Percent of Warren Buffett’s Portfolio: 0.04%
Dividend Yield: 1.0%   Forward P/E Ratio: 23.2x   (as of 5/16/16)
Sector: Consumer Discretionary   Industry: Schools
Dividend Growth Streak: 0 years

Graham Holdings Co (NYSE:GHC) was formerly known as The Washington Post up until 2013 when the company’s flagship newspaper was sold to Amazon.

After the sale, Graham Holdings was left as a diversified education and media company. It’s perhaps best known for its Kaplan subsidiary, which provides an array of educational services such as certificate degrees and test preparation materials.
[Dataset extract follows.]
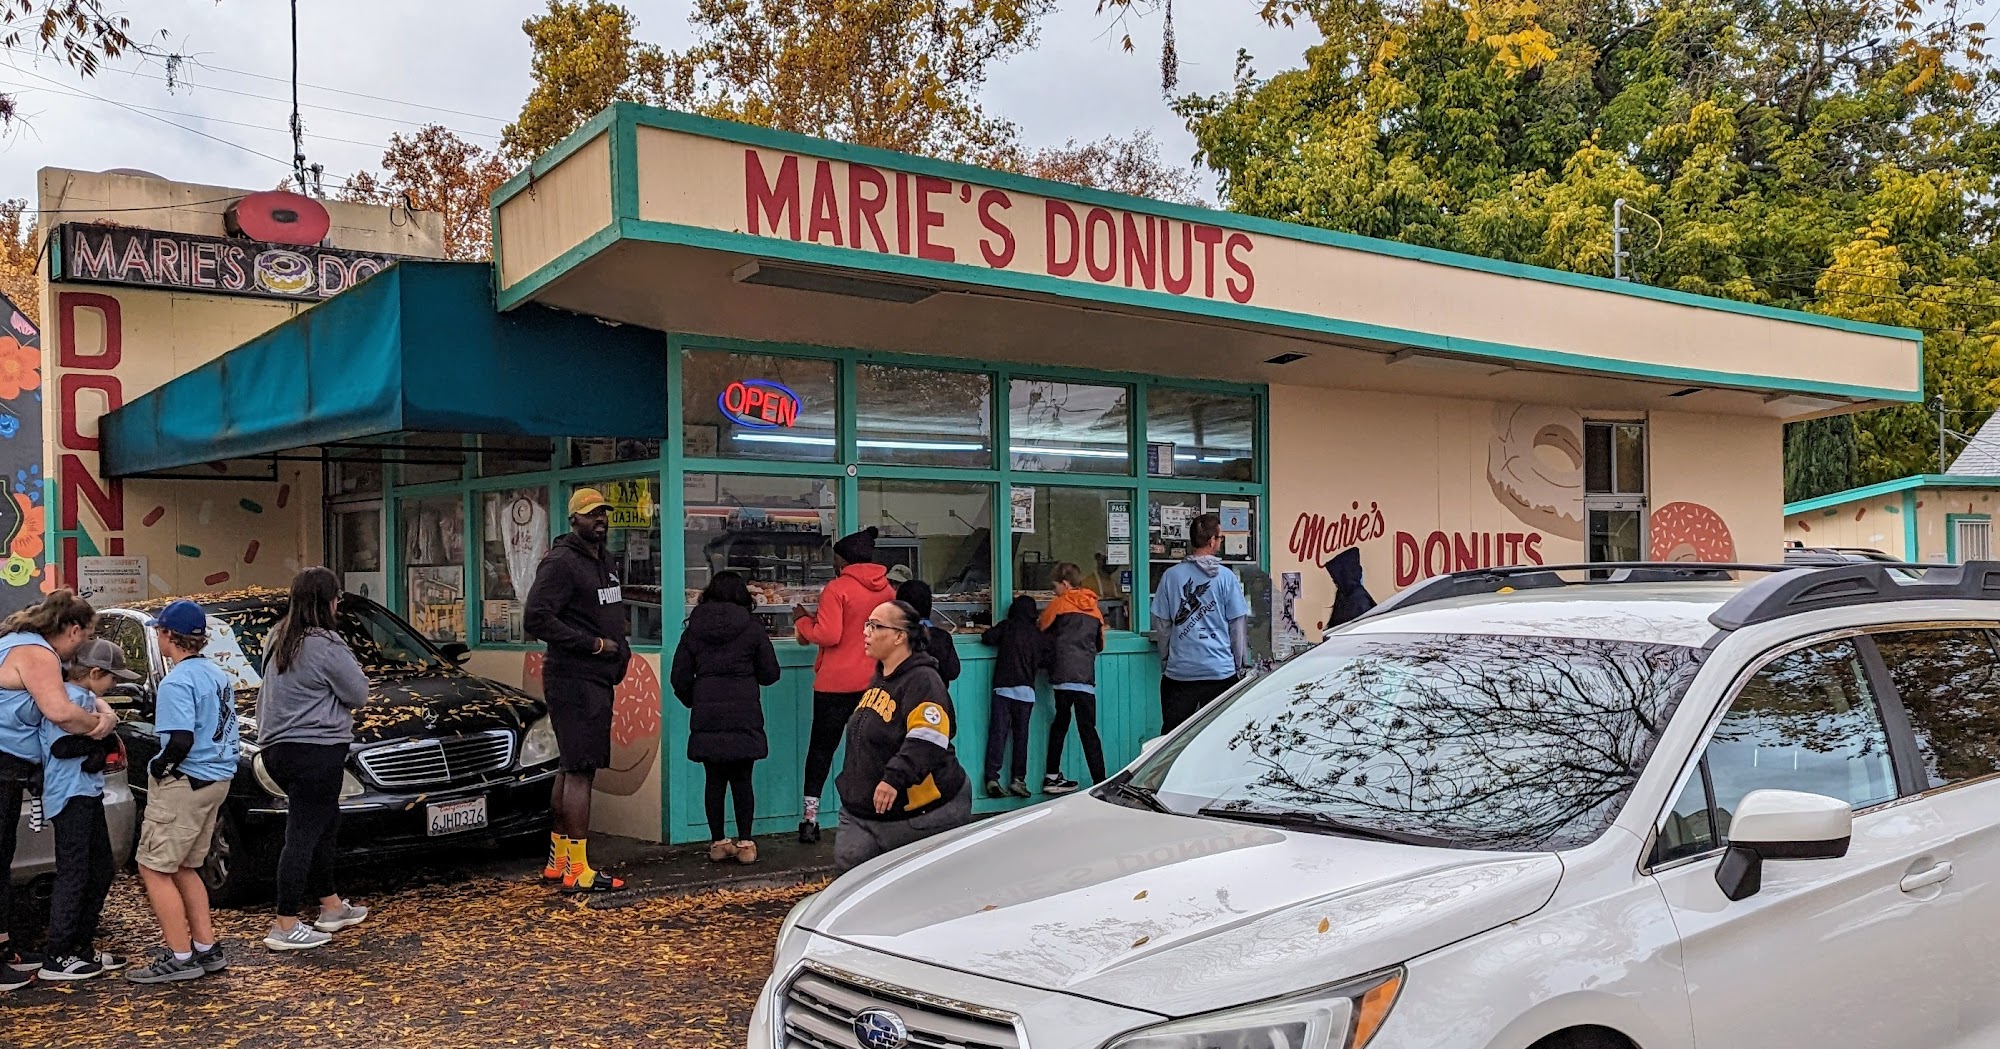 Marie's Donuts

Warren Buffett purchased a stake in The Post back in 1973. At the time, he was attracted to the company’s newspaper businesses due to their strong brands and focus on in-demand content that was difficult to obtain elsewhere.

As we all know, the media landscape has completed changed since the 1970s. Content is now readily available, and national newspapers have struggled to monetize their articles as effectively as they once did.

In 2014, after the company’s sale of The Washing Post newspaper, Berkshire decided to exchange most of its shares in Graham Holdings for a subsidiary TV station owned by the company and some cash.

It seems safe to say that Warren Buffett is not interested in continuing to own Graham Holdings Co (NYSE:GHC) since the underlying business has changed so much.